Units and Scales

G = c = 1, and what that buys

The simulation sets \(G = c = 1\). One choice of units removes two constants from every equation: the potential is \(\Phi = -M/r\) with no \(G\), the tick rate is \(\sqrt{1 + 2\Phi}\) with no \(c^2\), and positions, masses, and times become pure numbers. Nothing physical is lost — only bookkeeping.

What M = 0.8 means

In these units a mass \(M\) has Schwarzschild radius \(r_s = 2M\). The demos place clocks within a handful of Schwarzschild radii of the hidden mass — deliberately deep in the relativistic regime, so that tick-rate differences are visible against 0.5% observation noise. The cell below computes the actual numbers for the 1D demo’s geometry:

Code
import numpy as np
from clocks import ClockArray, MassConfig, clock_rates
from clocks.physics import compute_distances

mass = 0.8
truth = MassConfig(positions=np.array([[2.5]]), masses=np.array([mass]))
clock_array = ClockArray(positions=np.array([[-5.0], [0.0], [5.0]]), track_offset=1.0)

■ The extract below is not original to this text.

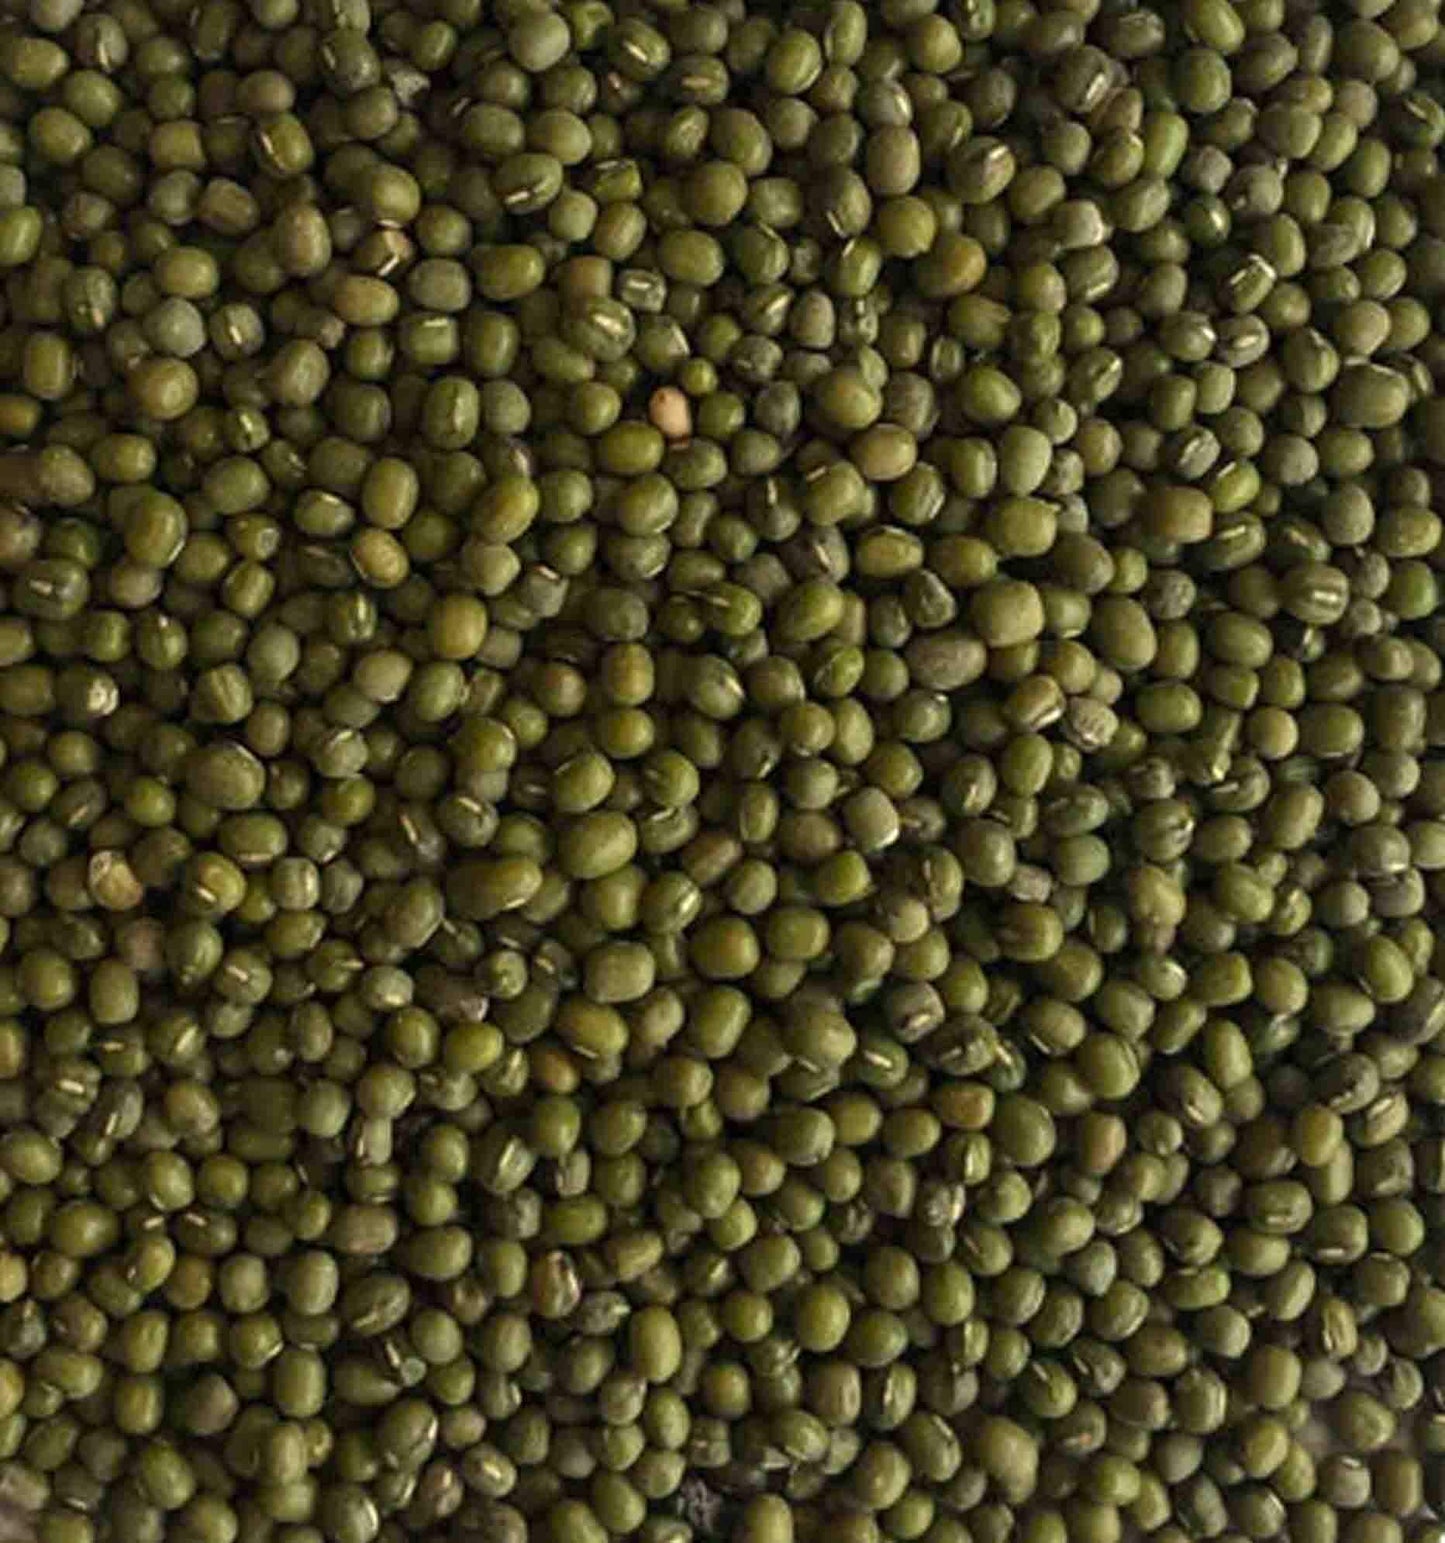 Mung Beans for budgies

distances = compute_distances(
    clock_array.positions, truth.positions, clock_array.track_offset
)[:, 0]
rates = clock_rates(truth, clock_array)
r_s = 2 * mass

print(f"Schwarzschild radius of M = {mass}: r_s = {r_s}")
for i, (r, rate) in enumerate(zip(distances, rates)):
    print(f"  clock {i}: r = {r:5.2f}  (r/r_s = {r / r_s:4.2f})  rate = {rate:.4f}")
Schwarzschild radius of M = 0.8: r_s = 1.6
  clock 0: r =  7.57  (r/r_s = 4.73)  rate = 0.8880
  clock 1: r =  2.69  (r/r_s = 1.68)  rate = 0.6370
  clock 2: r =  2.69  (r/r_s = 1.68)  rate = 0.6370

Read those r/r_s values: this is strong-field territory. A real observer at these separations would have larger worries than clock calibration.

Scaling to reality

At Earth’s surface, \(2\Phi/c^2 \approx 1.4 \times 10^{-9}\) — the dip the demos paint in percent is, for real planetary fields, parts per billion. Detecting anomalies (a buried density contrast, not the whole planet) means resolving fractional rate differences around \(10^{-18}\) to \(10^{-17}\), which is exactly why the gravimeters page leads with optical lattice clocks: that is the instrument class where this stops being a toy.

The plain summary: the simulation compresses the dynamic range so the inference story is visible to the eye. It does not change the math — the forward model, the degeneracies, and the filter are the same at \(10^{-1}\) and \(10^{-18}\); only the noise budget moves.

NoteConvention

Every number on this site is in simulation units unless it is explicitly tied to a real experiment (GPS microseconds, Skytree meters, lattice-clock fractions).